Normal to feel angry
Normal to feel guilty
Normal to feel sad
Normal to hallucinate
That's what I learned recently when my cat Velma died.
When I first met her I didn't expect to keep her. I didn't think I was really a cat person. I mean I had them growing up but wasn't really interested in sharing my grownup home with one. Eleven years ago when my friend Victor was asked by his sister to take in her boss's kitten, I told him I'd help. When she showed up with two kittens, a brother and a sister, I told him I'd take the girl and keep her until I found someone at work that wanted a cat. I named her Velma, after that glasses-losing, unconfirmed sapphic detective on Scooby Doo. I think Velma may have known that I wasn't thinking of keeping her, as it seemed like she tried extra hard to work herself into my heart. I never did find another home for her.
We moved to New York together seven years ago and she adapted without a complaint. She was always there at the door waiting for me when I came home from work. She was always next to me when I woke up early in the morning and always ready to sit on my lap when I was trying to read the paper. Everyone loved Velma and she loved everyone.

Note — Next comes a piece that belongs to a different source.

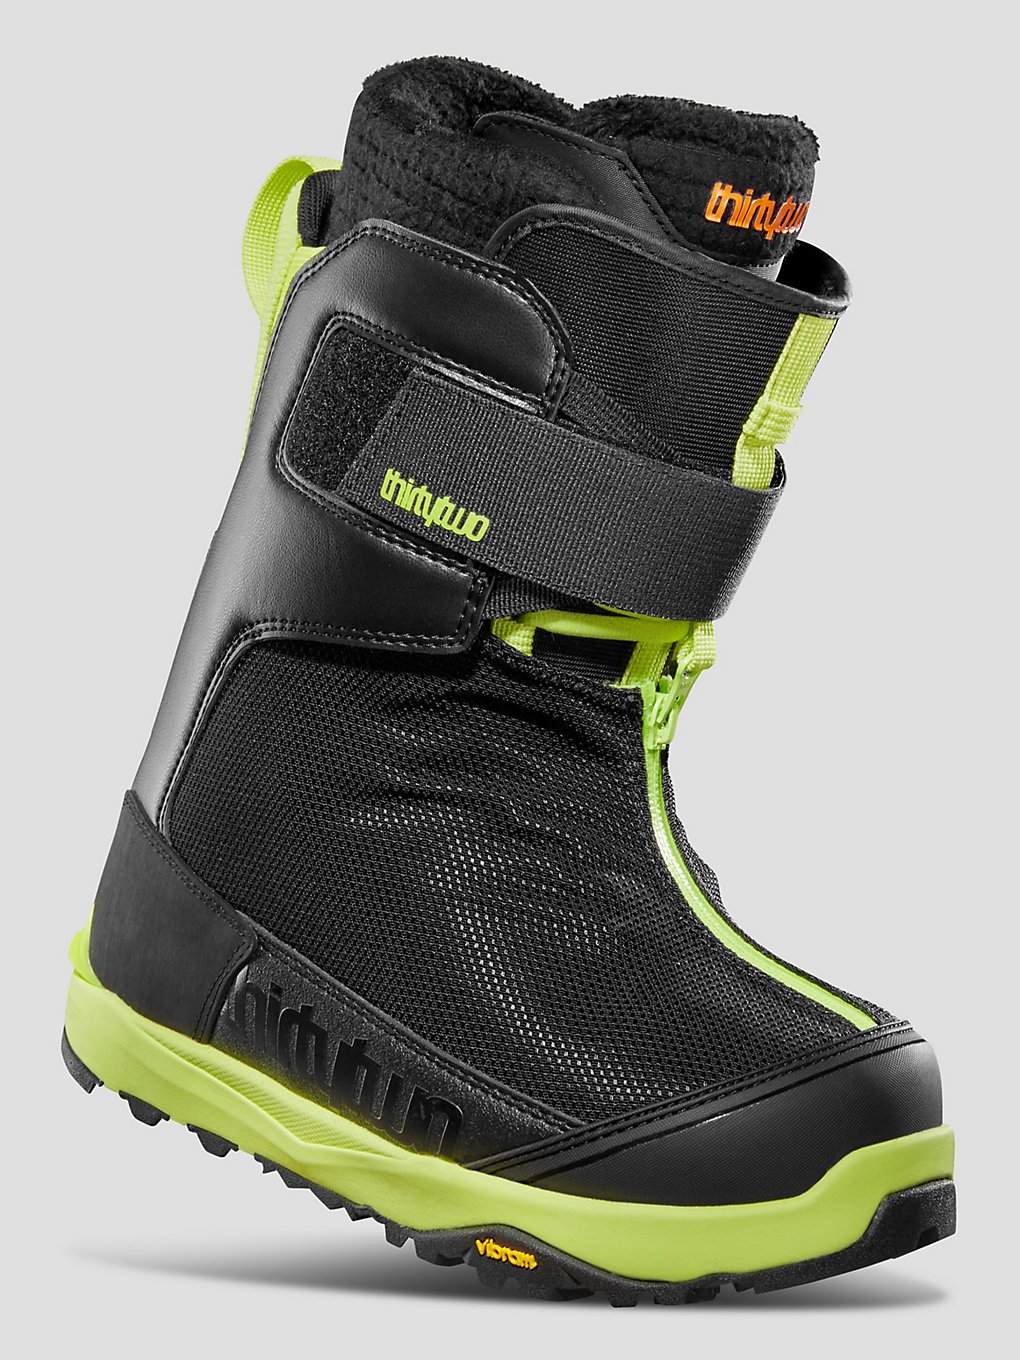 ThirtyTwo TM 2 Hight Snowboard Boots lime kaufen

She wasn't perfect by any means. I think she must of thought she was still a small nimble kitten while she jumped from the bed to the credenza knocking down all in her path. Ceramic was apparently enemy number one to Velma. I lost several Jonathan Adler pieces of pottery and one really great orange ceramic lamp. Not something you want to hear hitting the floor at 4AM. Needless to say I forgave her time and time again.
Things began to change a few weeks ago when I noticed that she wasn't eating as much and then not at all. I took her to the vet and after a blood test and an ultrasound she was diagnosed with Hepato Lipadosis or Fatty Liver. Now it was up to me to force feed her three times a day, give her IV fluids every morning and try to get her to swallow medication. All this work and it didn't seem to be working. I woke up two Fridays ago with her by my side for the last time. I took her to the vet again and sobbed when the doctor told me it was time to let her go and there wasn't anything more we could do.
Velma passed away that morning while I stroked her head as she drifted away. I was overcome with grief and shock. It was as if she was just with me one minute and gone the next. I felt angry at myself for not being able to keep her alive. I felt guilty and began blaming myself for not being able to figure out how sick she really was sooner. I soon realized after talking to my friends and family and doing some online research that all these feelings were totally normal. I even learned that hallucinations were also common. The first one of those happened the first night without her around. I woke up in the middle of night, opened the bathroom door and saw something white lying on the floor in one of her usual spots. I thought she was back, healthy and alive. It was a cold slap back to reality when it turned out to be only a fallen towel.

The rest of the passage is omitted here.